Start of Block
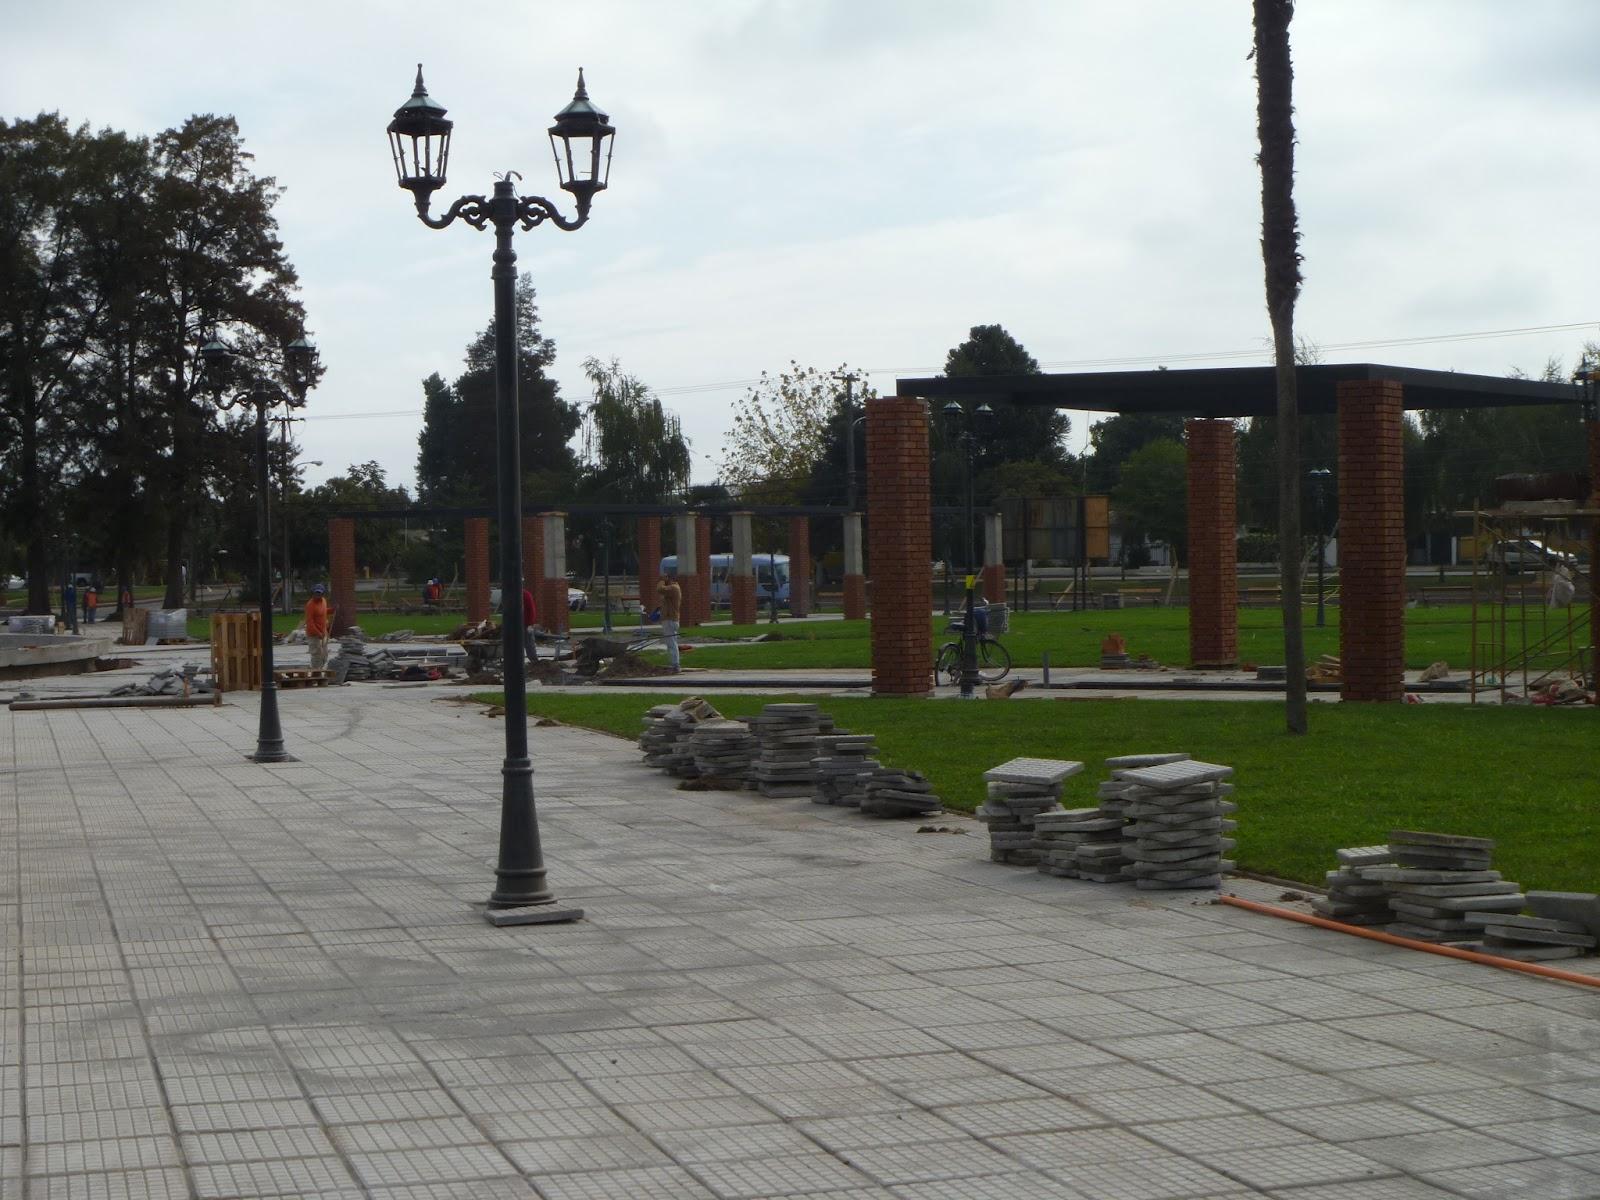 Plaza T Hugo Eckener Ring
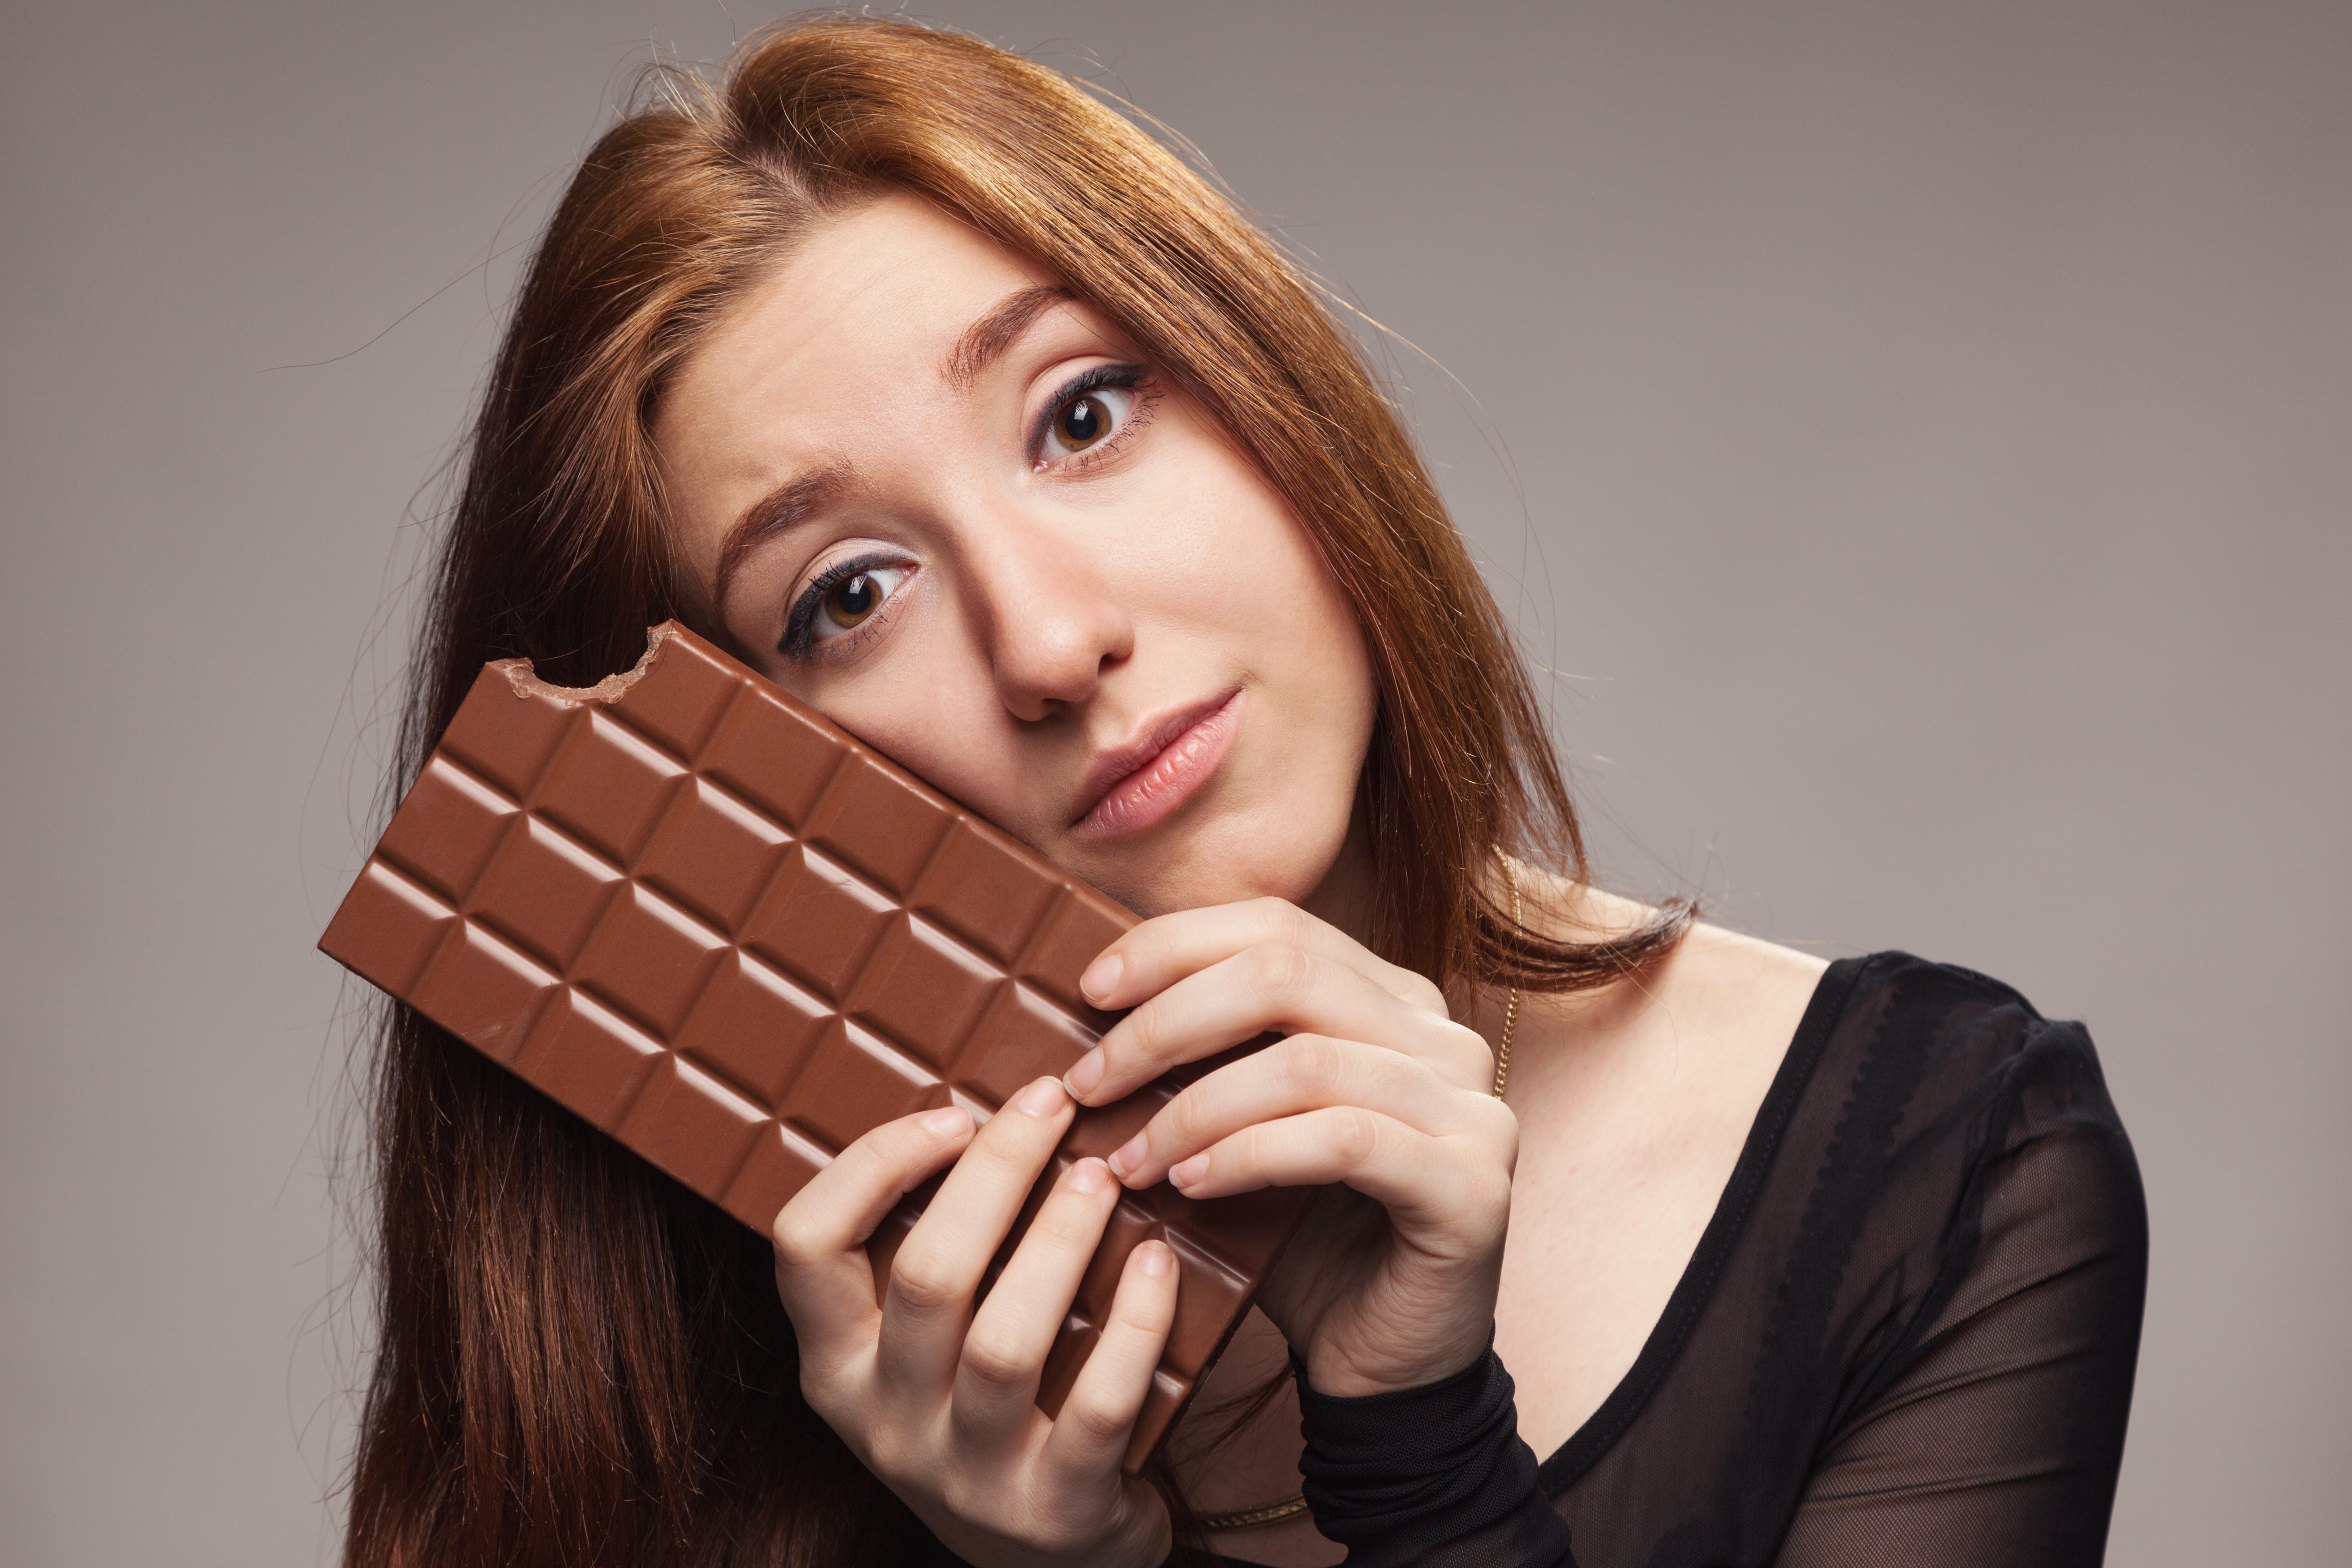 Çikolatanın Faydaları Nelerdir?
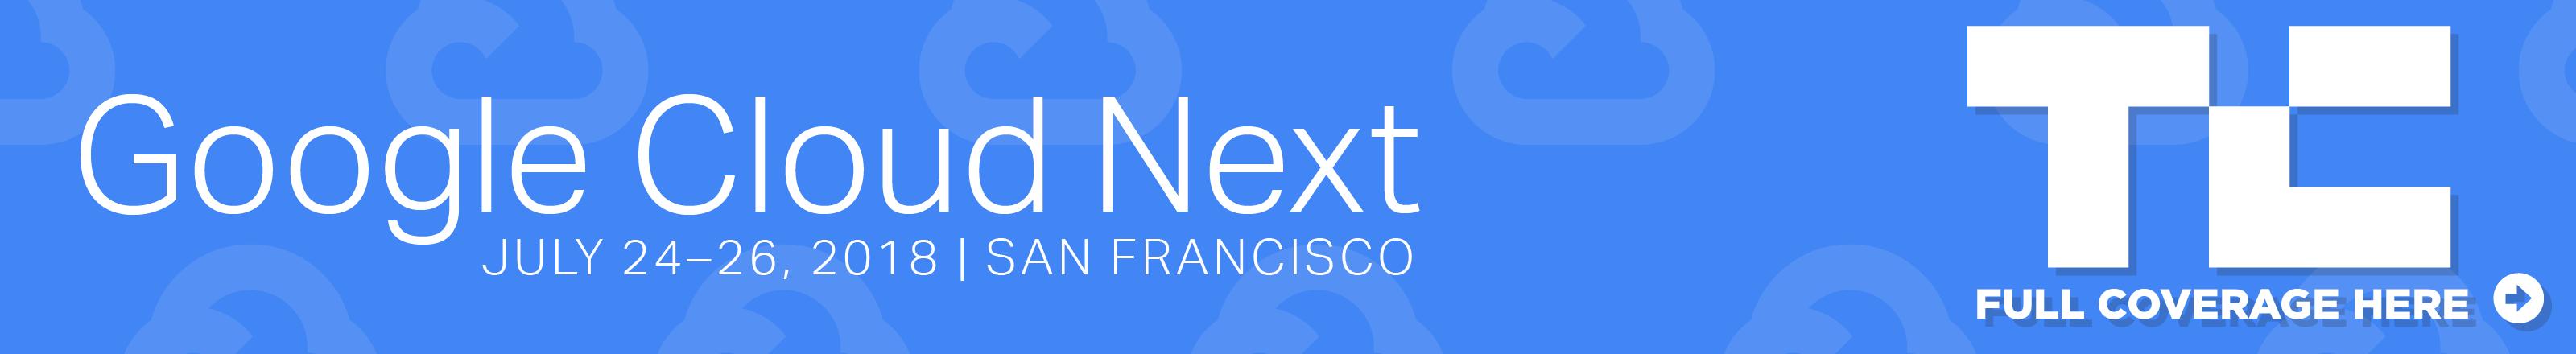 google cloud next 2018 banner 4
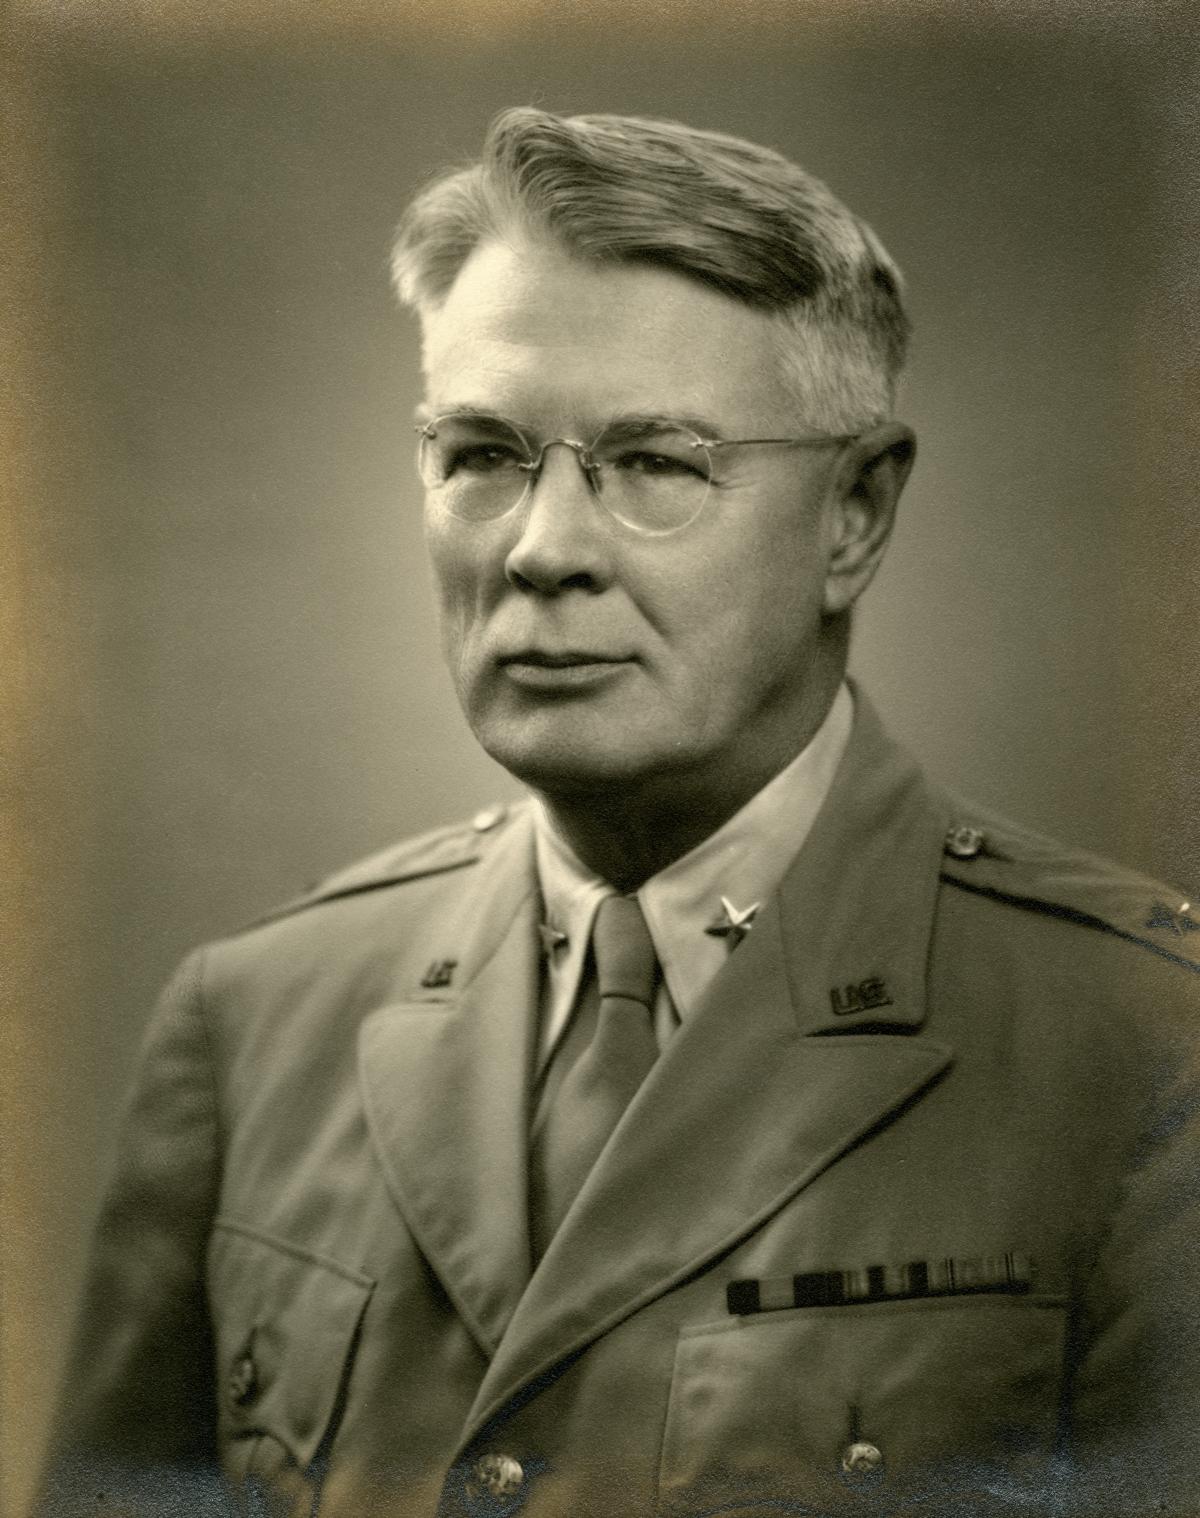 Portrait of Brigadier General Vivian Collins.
End of Block
• **Try it**
Beginning with the line containing "google cloud next 2018 banner 4" and ending with the last line of the listing above, output those lines exactly as written, without pictures.

• **Answer to this exercise**
 google cloud next 2018 banner 4
 Portrait of Brigadier General Vivian Collins.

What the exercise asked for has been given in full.